Wprowadź swój adres e-mail, a wyślemy Ci link do zresetowania hasła.

Powrót do logowania


Poster Noc duchów 2008

Noc duchów 2008

11-letni Max Doyle wierzy w magię, co jest przyczyną drwin ze strony starszego brata. Pewnego dnia chłopiec słyszy w piwnicy niepokojące głosy. Podążając za nimi, odnajduje tunel, w którym ukrywają się duchy dwojga dzieci, Nicky'ego i Tary.
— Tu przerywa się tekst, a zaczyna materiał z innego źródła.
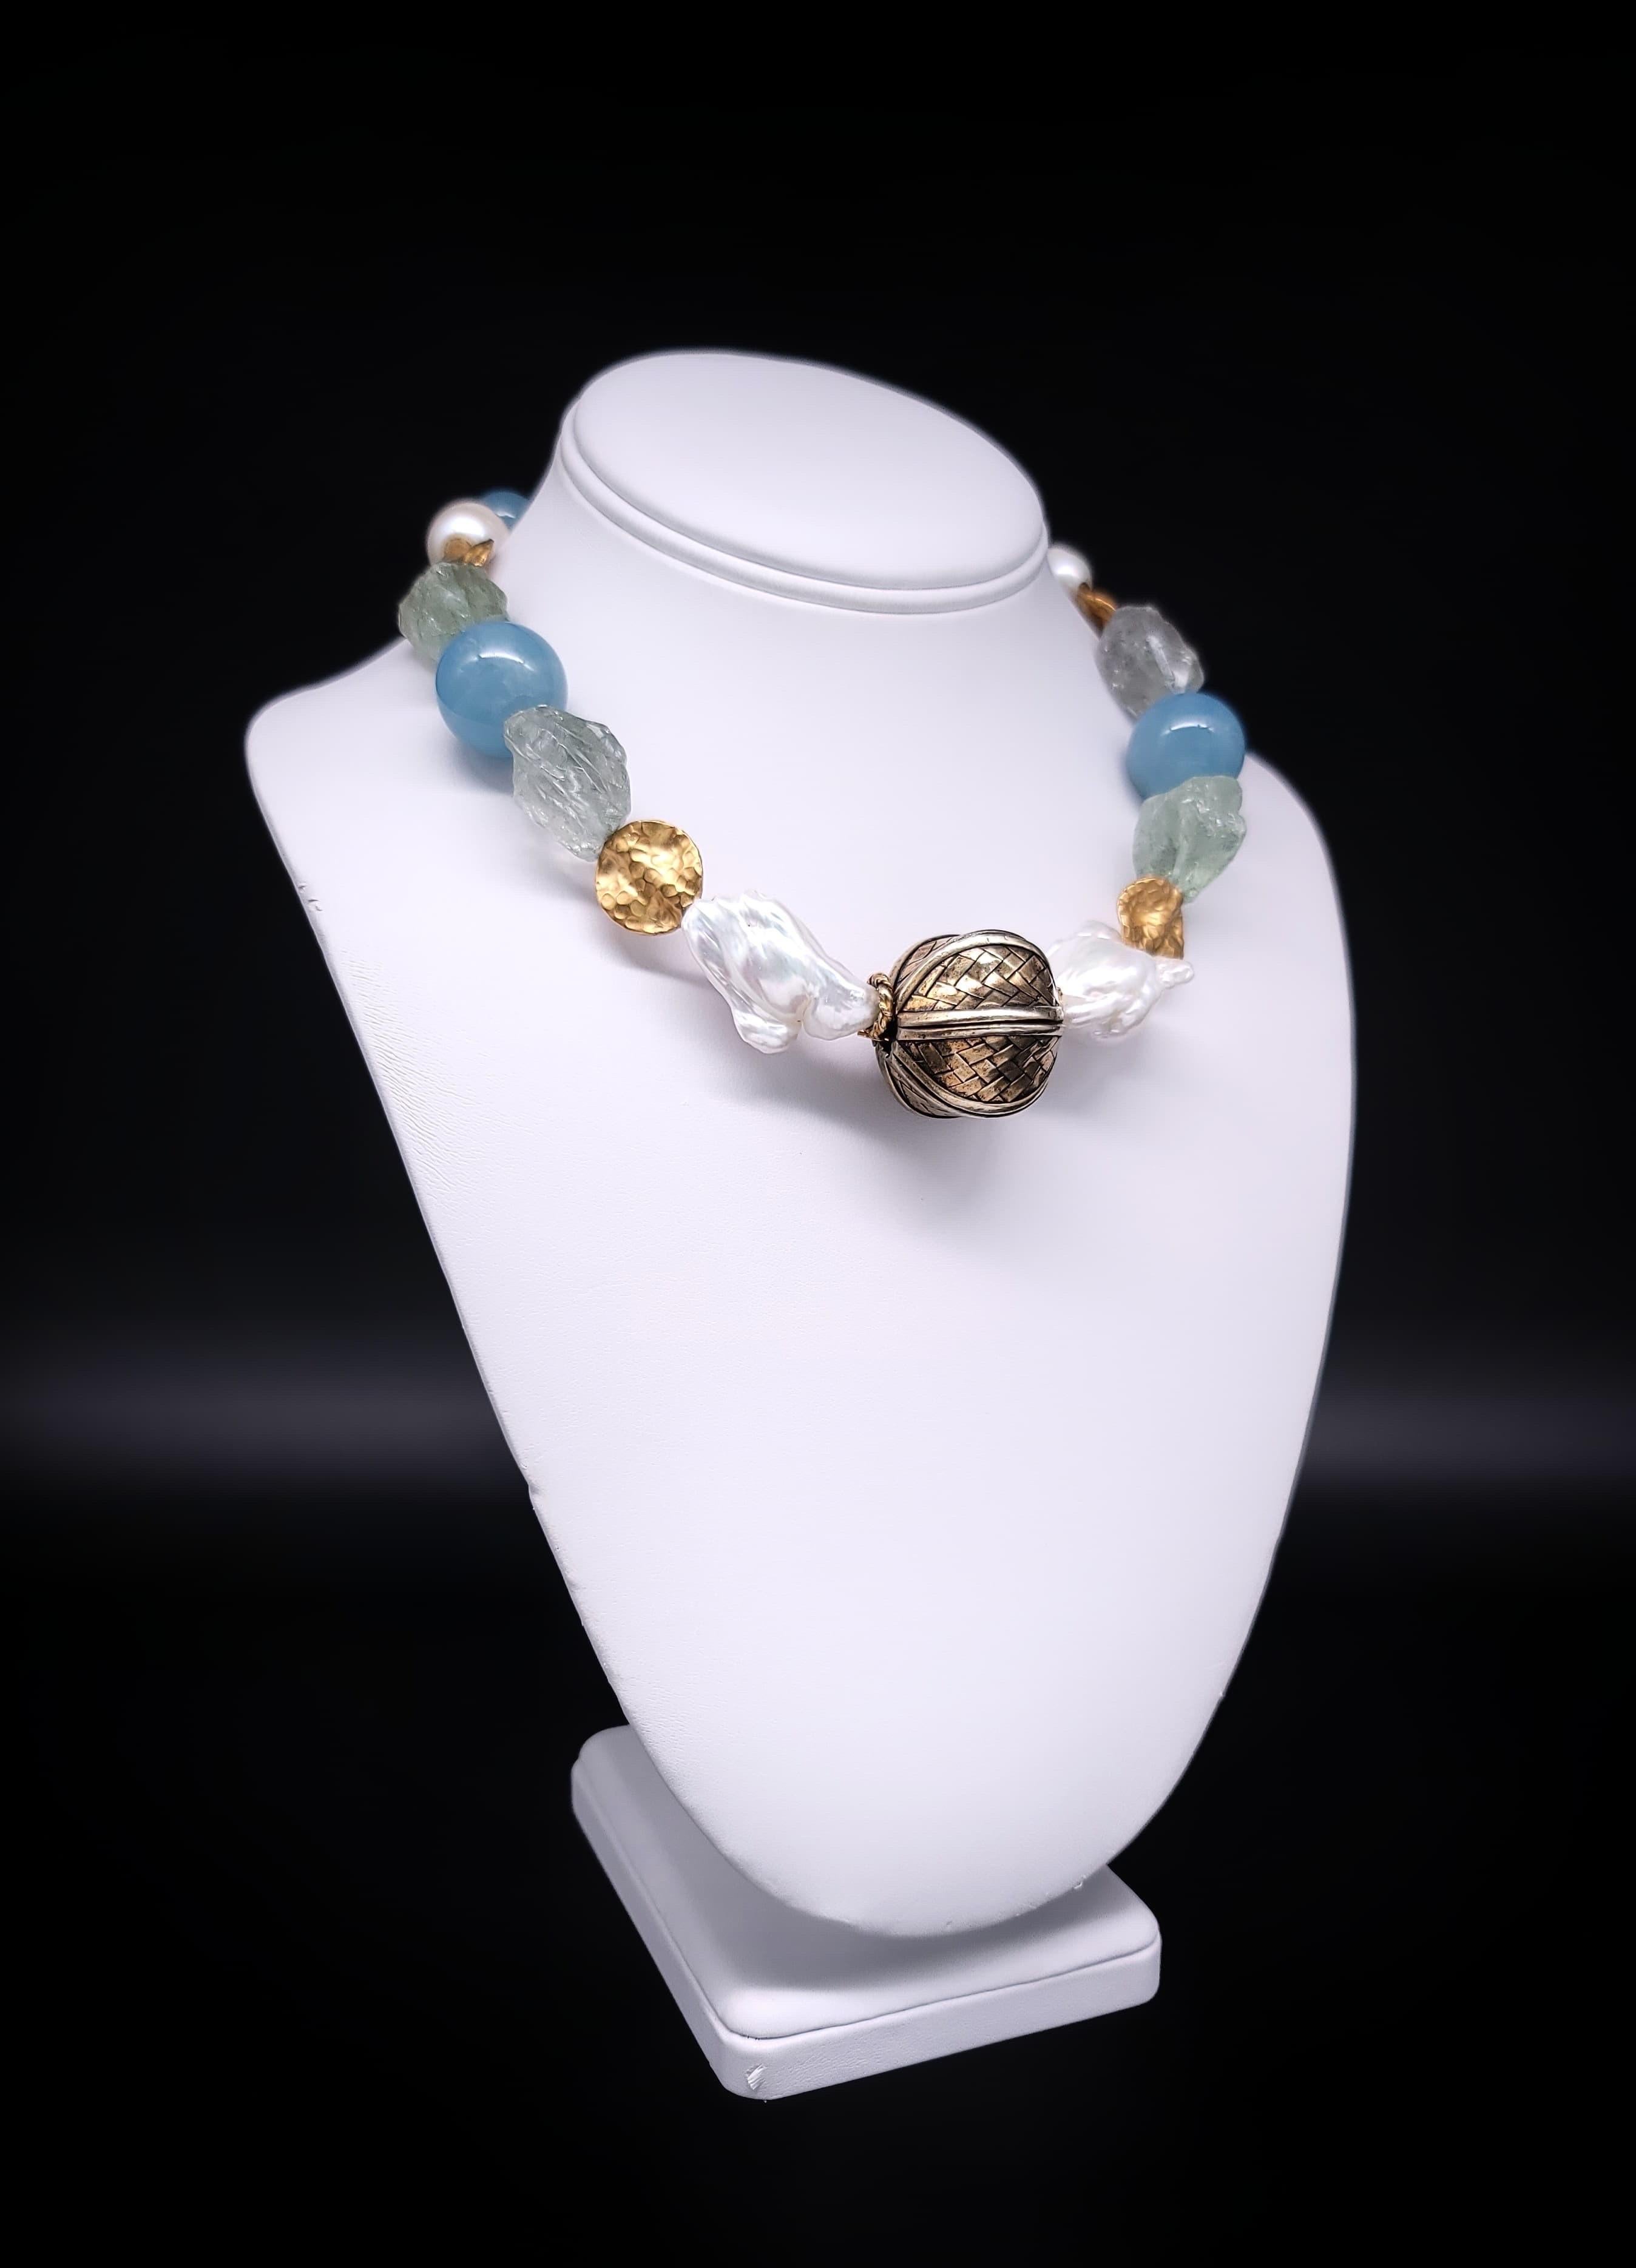 Diese mit viel Liebe zum Detail gefertigte, einzigartige Halskette ist ein Meisterwerk an Eleganz und Individualität. Das auffällige Design besticht durch eine faszinierende Mischung aus polierten 22-mm-Aquamarinperlen in verschiedenen Blautönen,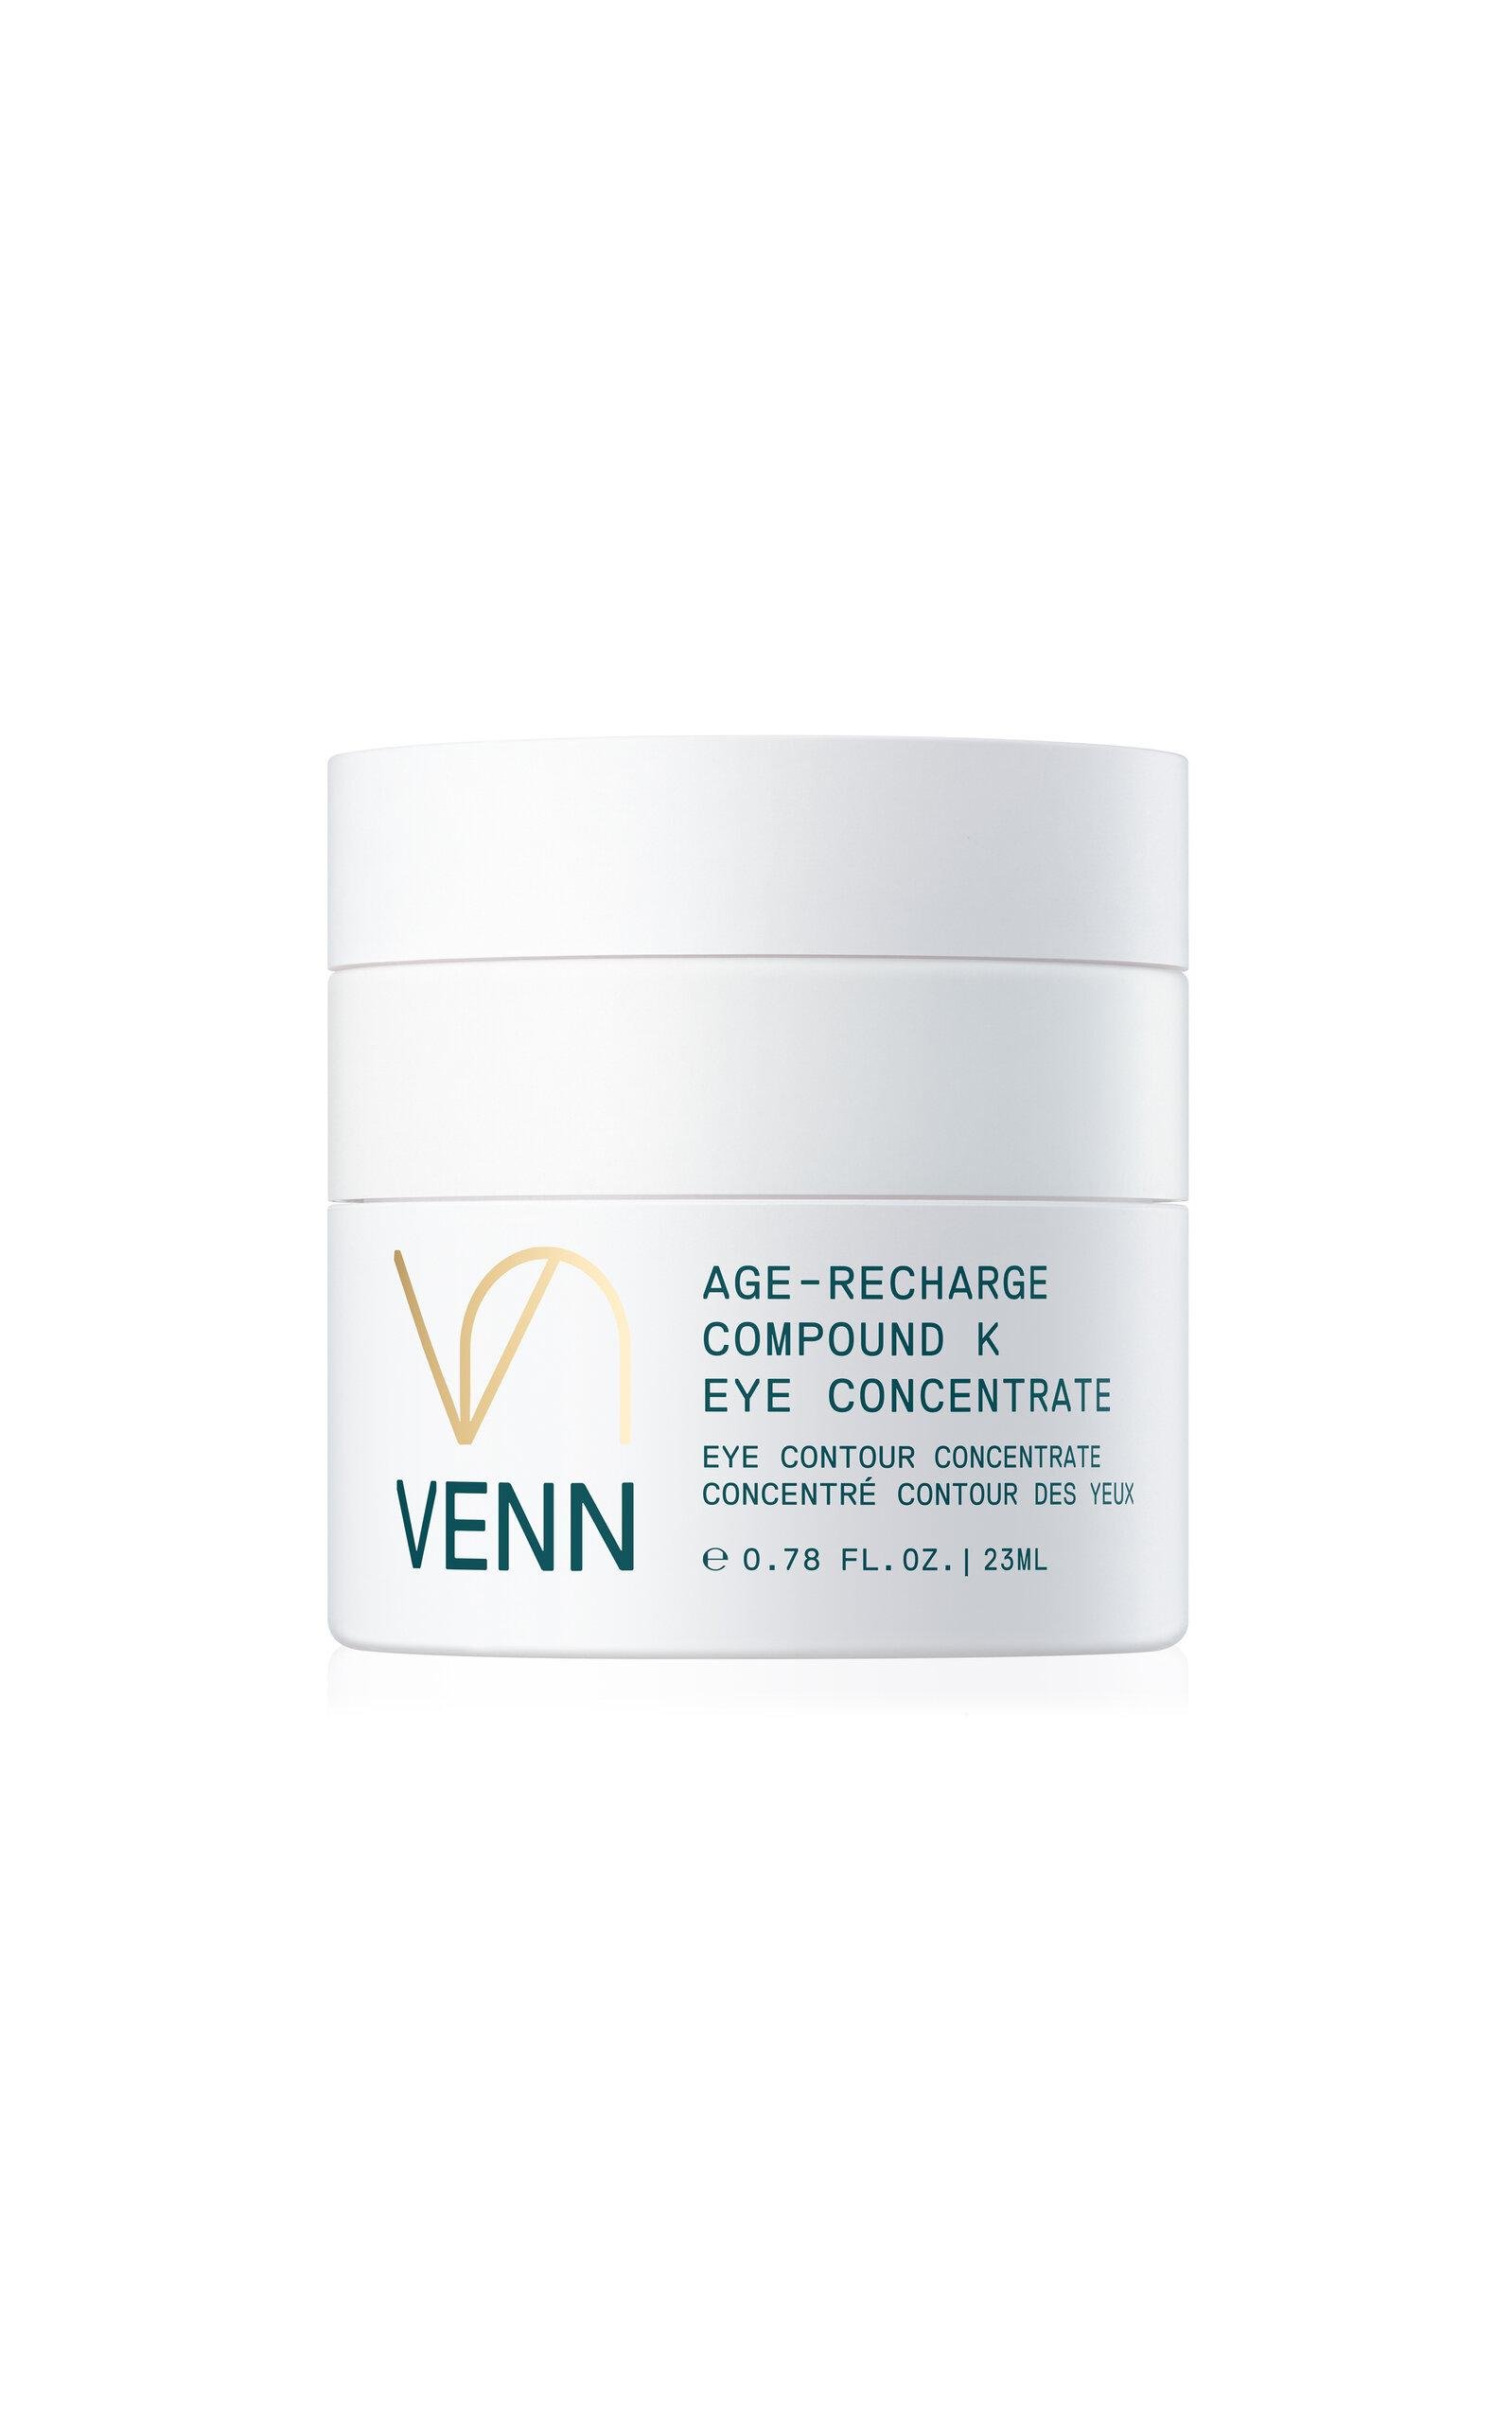 VENN Age-Recharge Compound K Eye Concentrate - Moda Operandi by VENN

Max zaprzyjaźnia się z nimi. Gdy Tara zostaje porwana przez złego ducha, Phearsa, chłopiec, będąc niewidoczny dla zjaw, spieszy jej na ratunek. Do konfrontacji dobra ze złem dochodzi w Halloween podczas pokazu sztuczek magicznych. Phears wydostaje się z tunelu, by zrujnować występ Maksa.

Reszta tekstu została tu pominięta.